We will look at a section of Philadelphia, Pennsylvania, USA in September of 2020, so we will set the bounding box, start_date and end_date accordingly.

import datetime

bbox = [-75.207767, 39.934486, -75.155411, 39.970806]
start_date = datetime.datetime(2020, 9, 29)
end_date = start_date + datetime.timedelta(days=7)

We can now pull the image data using Boson. For retrieving raster data,
we use the Dataset's geodesic.boson.dataset.Dataset.get_pixels method.

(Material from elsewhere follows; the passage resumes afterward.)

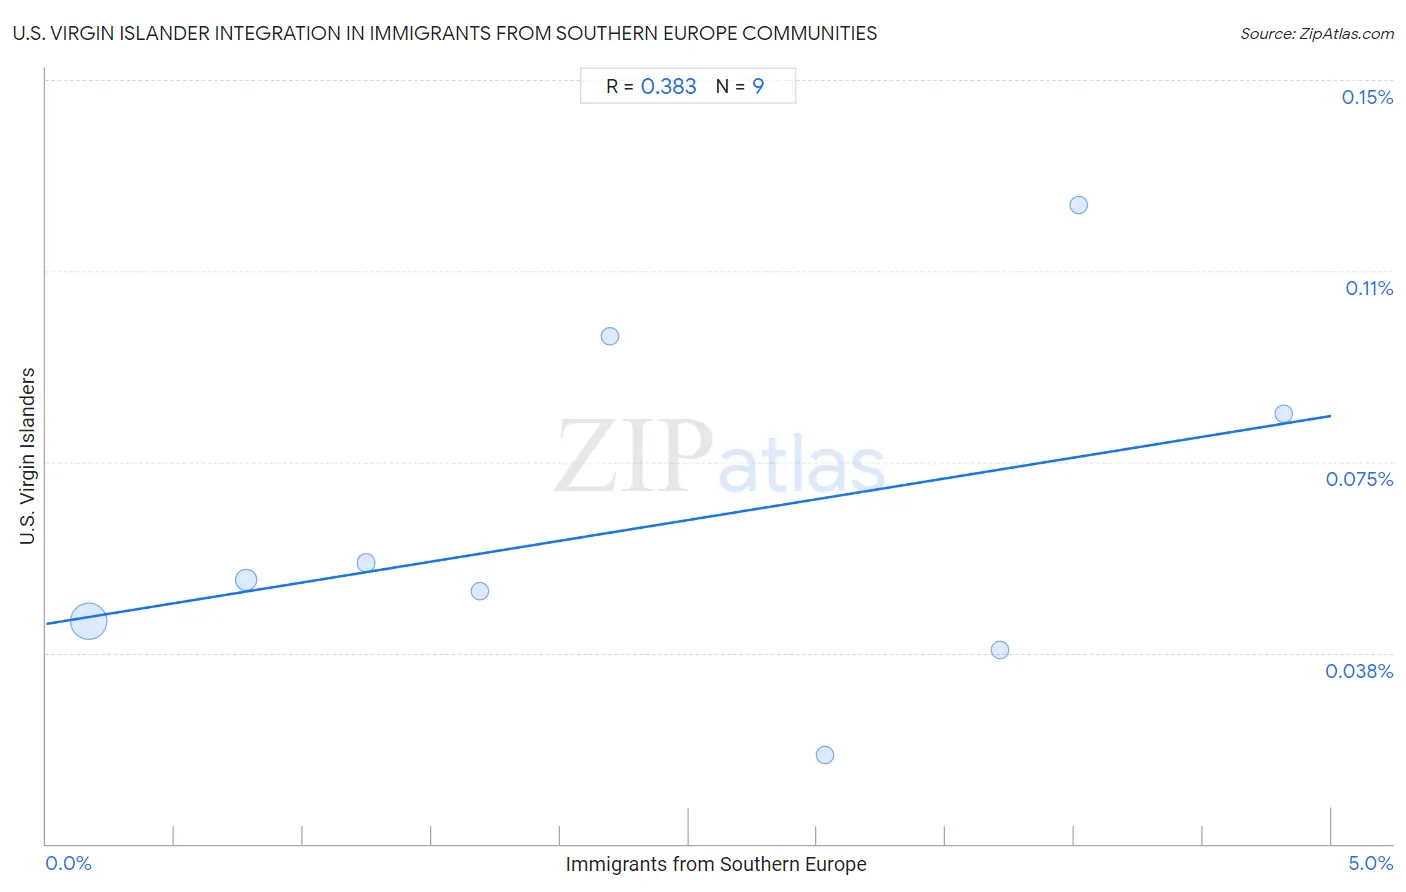 Immigrants from Southern Europe Integration in U.S. Virgin Islander Communities
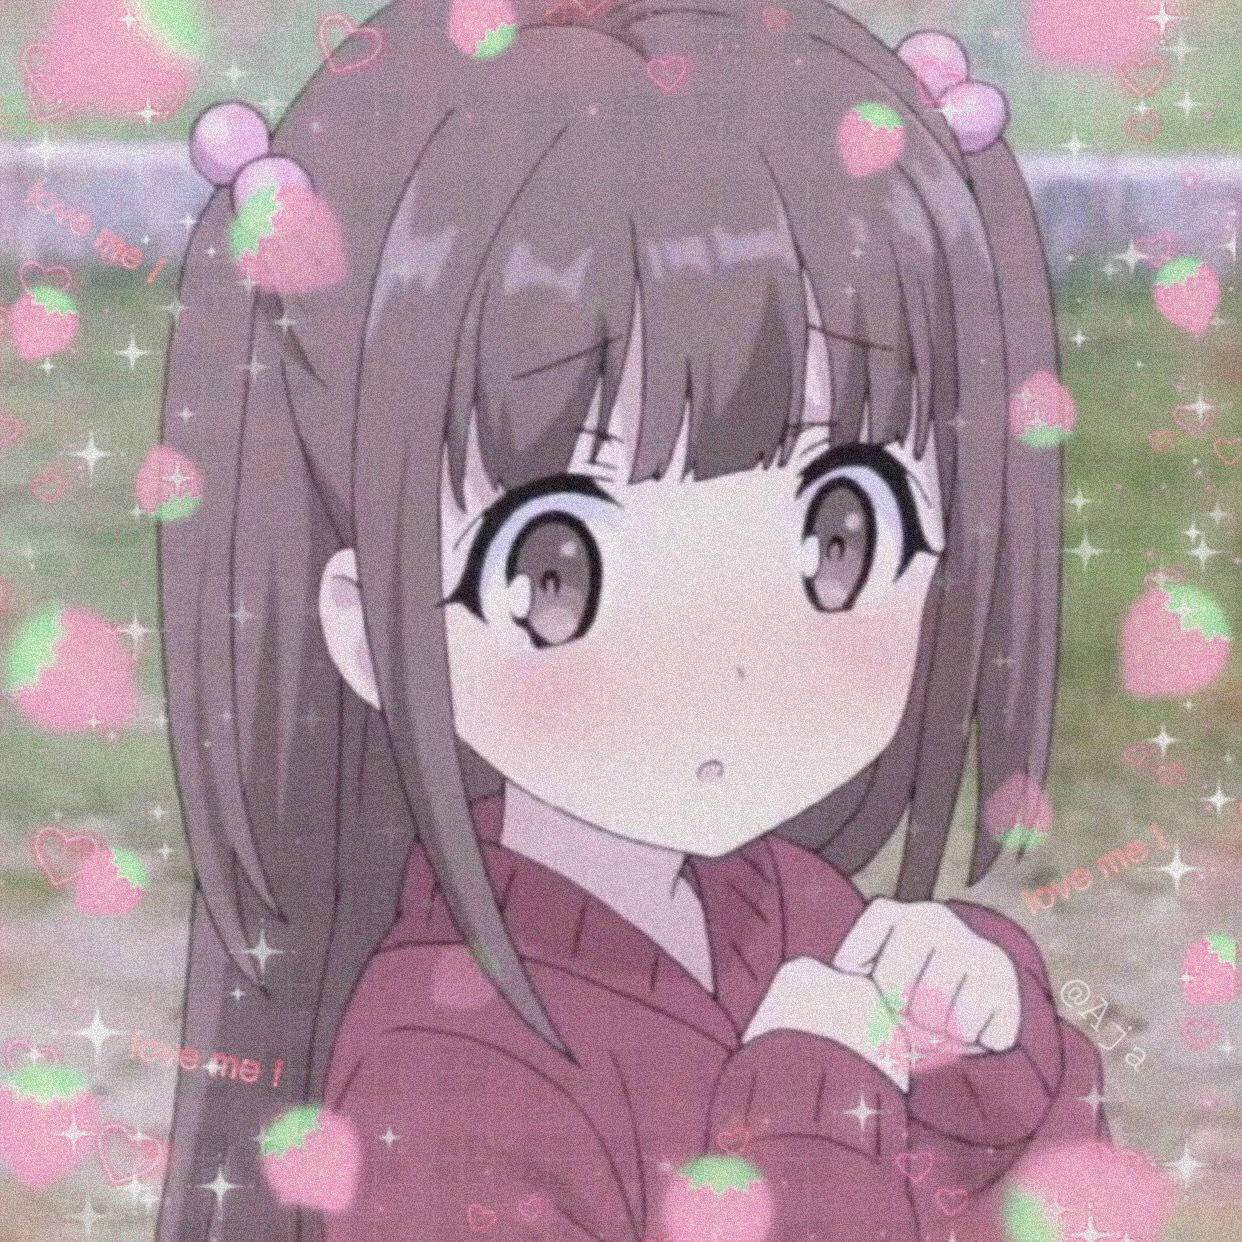 Free Cute Anime Girl Pfp Wallpaper Downloads, Cute Anime Girl Pfp Wallpaper for FREE

boson_output = ds.get_pixels(
bbox=bbox,
datetime=(start_date, end_date),
bbox_crs="EPSG:4326",
output_crs='EPSG:3857',
asset_bands=asset_bands,
pixel_size=pixsize,
)

The resulting raster is a numpy array with shape of 3-bands by x-pixels by y-pixels. The first dimension represents the three color bands.
We need to move them to the last dimension in order to display the image. We also need to normalize the pixel values to range between 0 and 1.

import numpy as np
import matplotlib.pyplot as plt

def prep_image(boson_output):
'''
This function accepts the numpy array from our boson request,
and outputs a numpy array that can be displayed as an RGB image.
Specifically, it moves the bands dimension from the first dimension
to the last dimension, and normalizes the data to be between 0 and 1.
'''

rgb_data = np.transpose(boson_output, (1, 2, 0))
rgb_data = (rgb_data - np.min(rgb_data)) / (np.max(rgb_data) - np.min(rgb_data))

return rgb_data

rgb_image = prep_image(boson_output)
plt.imshow(rgb_image)
plt.show()


Image

This image has some scattered clouds. Let's grab some more images and make a composite to remove the clouds. We will grab images for 3 weeks, starting on 9/5/2020,
and make a composite image by taking the median of the three images.

start_date_list = [datetime.datetime(2020, 9, 5) + datetime.timedelta(days=7 * time_step) for time_step in range(3)]

rgb_images = []

for start_date in start_date_list:

end_date = start_date + datetime.timedelta(days=7)

boson_output = ds.get_pixels(bbox=bbox,
datetime=[start_date, end_date],
content_type='raw',
bbox_crs='EPSG:4326',
output_crs='EPSG:3857',
asset_bands=asset_bands,
pixel_size=pixsize)

rgb_image = prep_image(boson_output)
rgb_images.append(rgb_image)

start_date = end_date


composite_image = np.median(rgb_images, axis=0)
plt.imshow(composite_image)
plt.show()

Image

In this cloudless image, you can see the Schuylkill River dividing West Philadelphia from Center City. The large white rectangle to the east is the Pennsylvania Convention Center.